A 2006 study titled An Empirical Analysis of "Acting White" by Roland G. Fryer, Jr. at Harvard University and Paul Torelli suggested that the phenomenon has a statistically significant effect on black student achievement, but only in certain school contexts. In public schools with high interracial contact and among high achieving students, there was an effect, but there was little or no effect in predominantly black or private schools.

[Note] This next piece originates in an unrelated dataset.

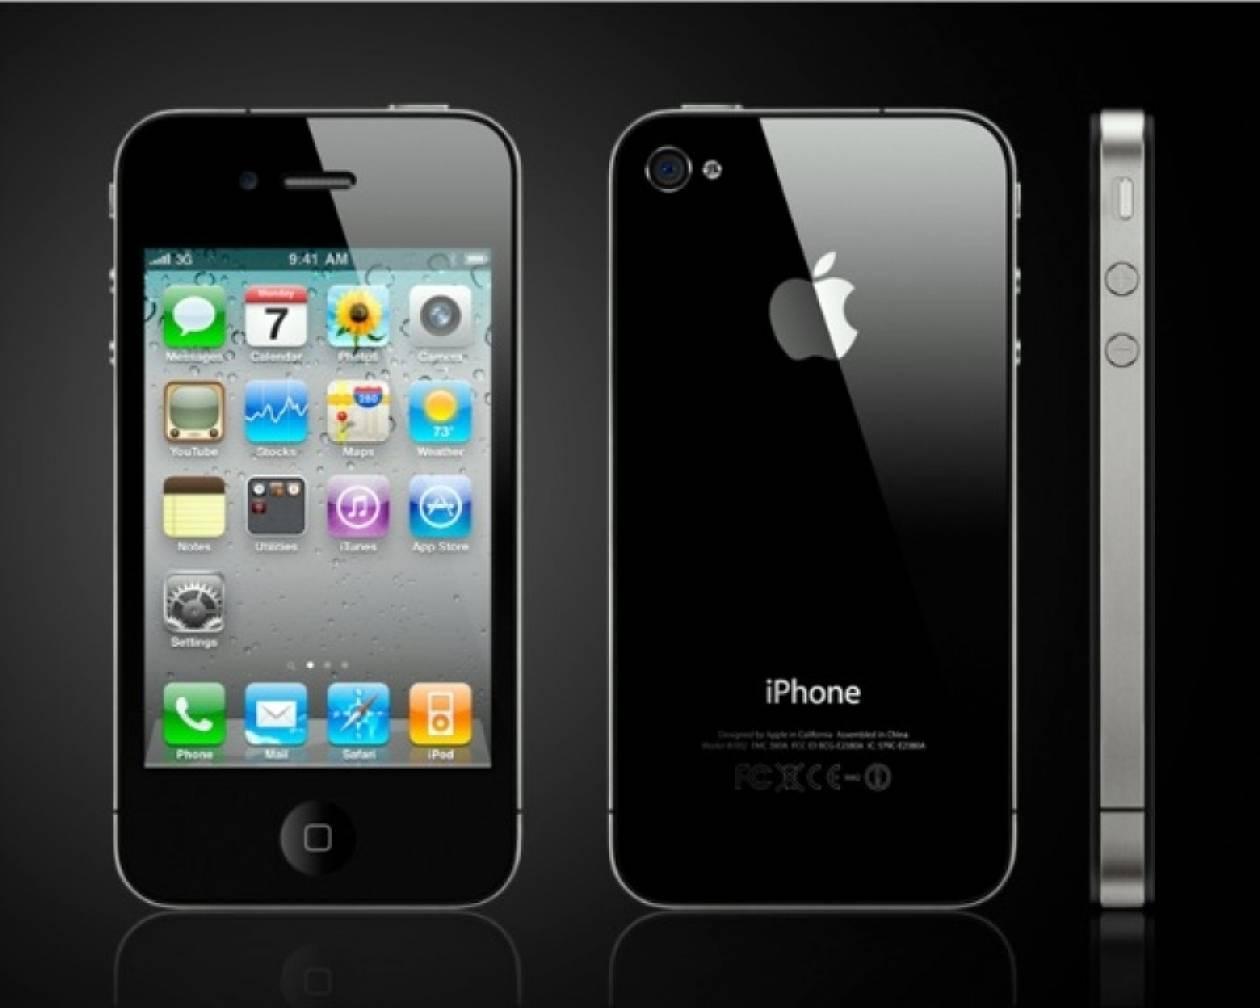 Ένας στους πέντε κατόχους iPhone 4S μετανιώνει για την αγορά του

==African American Vernacular English==

In 1996, Ogbu played a prominent role in the debate about the utility of African American Vernacular English. As a member of a task force on African American education in Oakland, California he noted that linguists (e.g., William Labov, John Rickford, Walt Wolfram, and others) have long distinguished between the "standard" or "proper" English required in the classroom and black vernacular English spoken at home and with peers. Ogbu encouraged teachers to become familiar with and to make use of this variety (called "Ebonics" by the Oakland Unified School District) in helping speakers of African American Vernacular English acquire Standard American English in addition to their "home" variety.

== Awards ==

- 1979, Margaret Mead Award from the Society for Applied Anthropology.
- 1997, Elected Chancellor's Professor at University of California, Berkeley.
- 1997, Elected Fellow of the International Academy of Education.
- 1998, Distinguished Contributions to Research in Education Award from the American Educational Research Association.

==Death==
He died in 2003 after suffering from a post-surgery heart attack at the Kaiser Permanente Oakland Medical Center. He is survived by his wife, Marcellina Ada Ogbu, and his children Elizabeth, Nnanna, Grace, Cecilia, and Christina. He was buried in Nigeria.